# [Data shown]
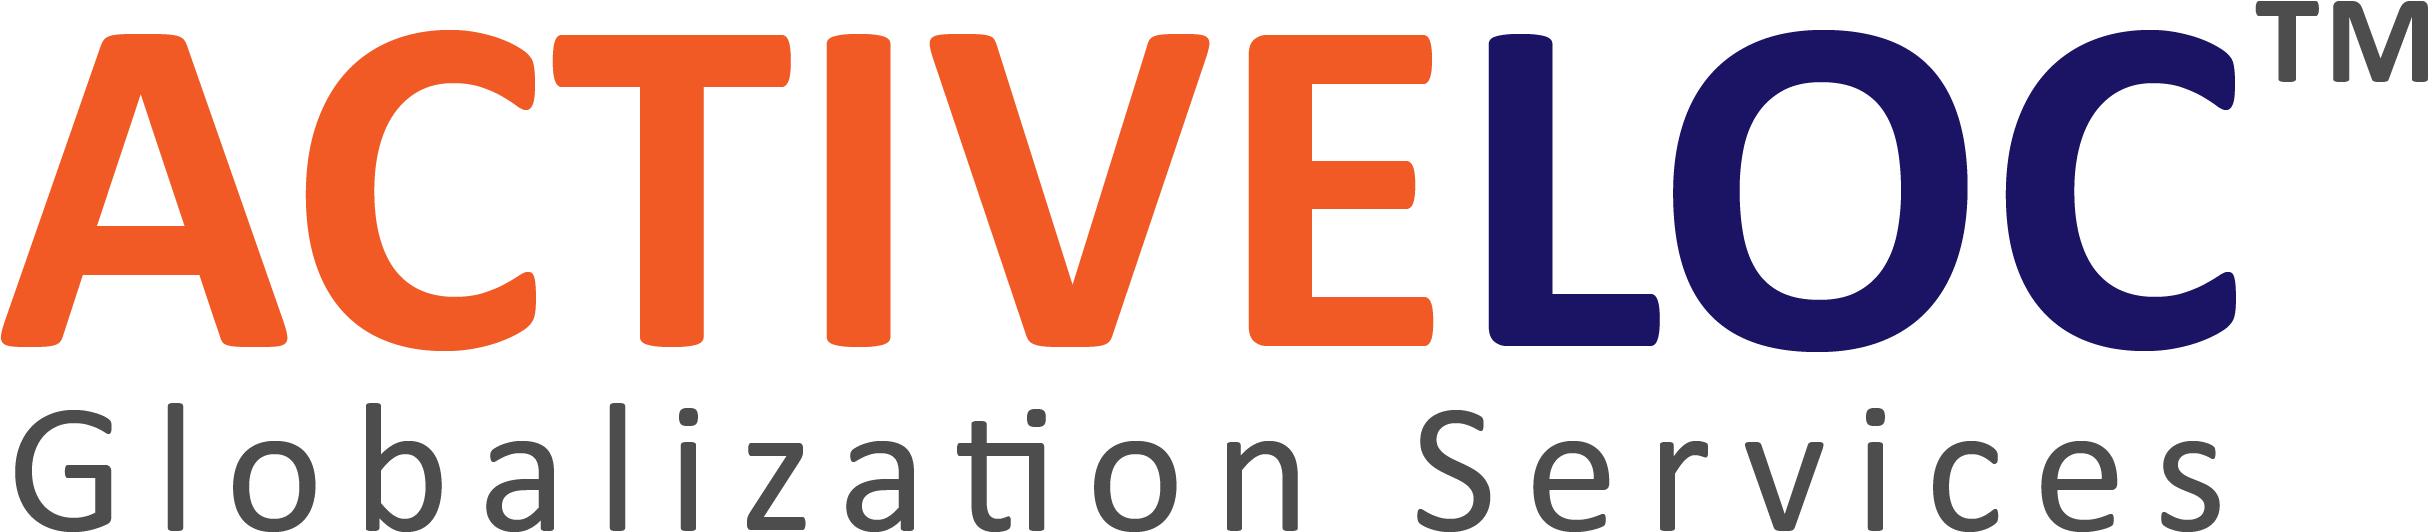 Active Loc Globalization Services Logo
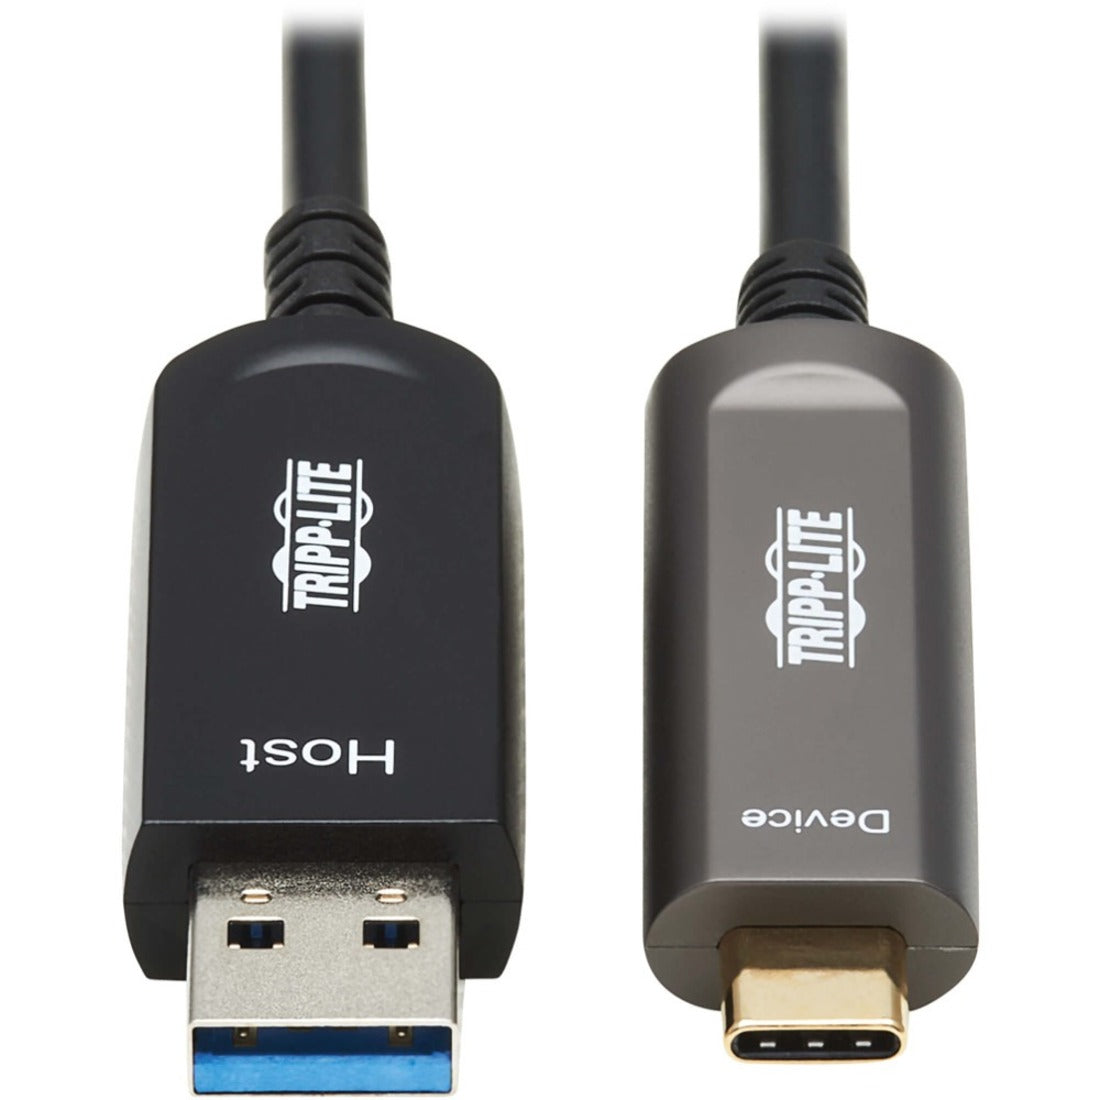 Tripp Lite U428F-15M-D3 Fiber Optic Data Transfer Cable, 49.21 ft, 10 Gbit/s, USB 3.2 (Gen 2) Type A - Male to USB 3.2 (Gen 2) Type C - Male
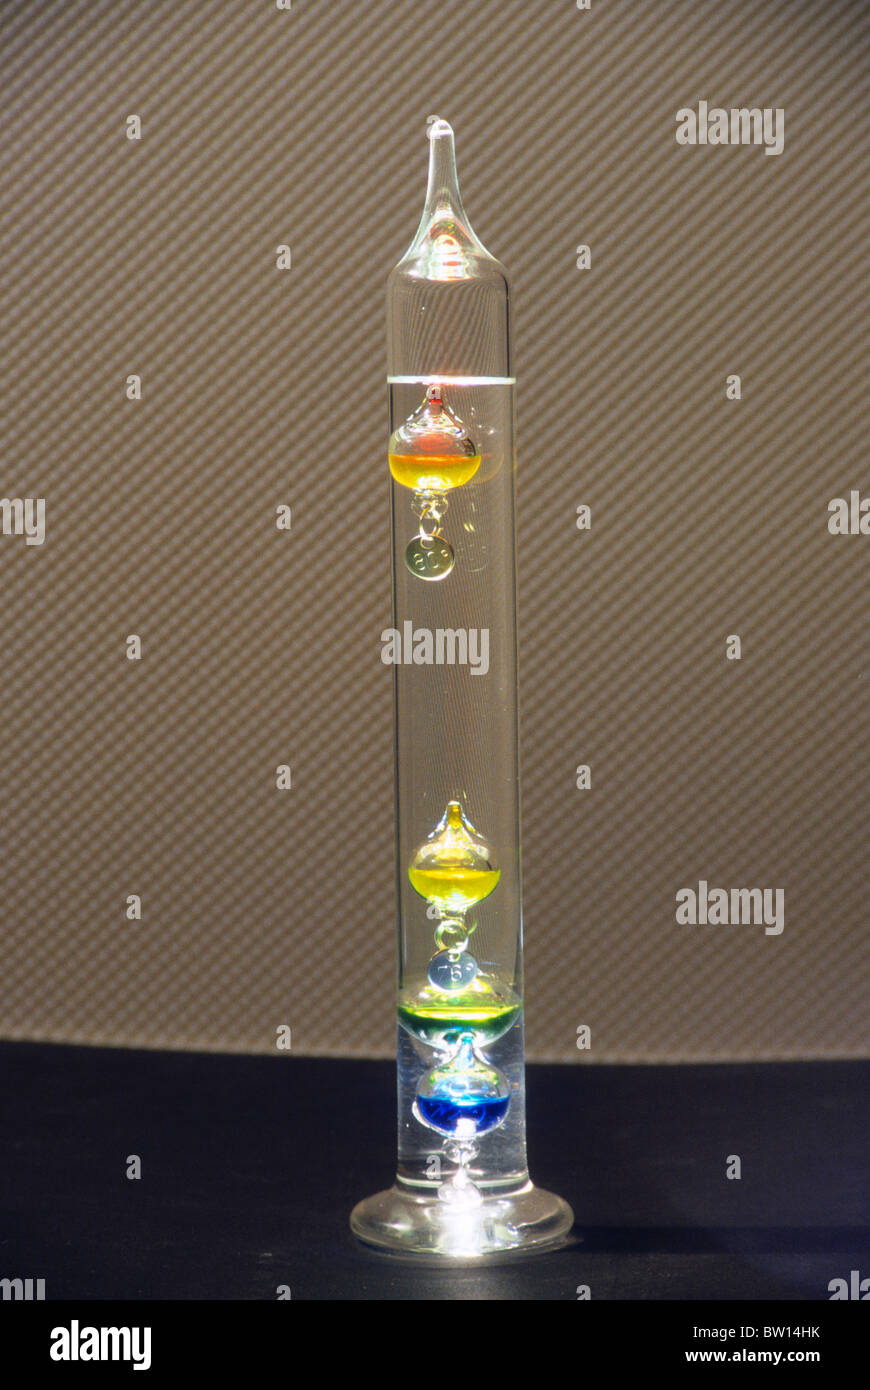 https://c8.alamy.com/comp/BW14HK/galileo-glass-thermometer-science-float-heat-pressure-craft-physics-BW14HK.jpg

# [Task]
Repeat the listing verbatim without its pictures.

# [Result]
 Active Loc Globalization Services Logo
 Tripp Lite U428F-15M-D3 Fiber Optic Data Transfer Cable, 49.21 ft, 10 Gbit/s, USB 3.2 (Gen 2) Type A - Male to USB 3.2 (Gen 2) Type C - Male
 https://c8.alamy.com/comp/BW14HK/galileo-glass-thermometer-science-float-heat-pressure-craft-physics-BW14HK.jpg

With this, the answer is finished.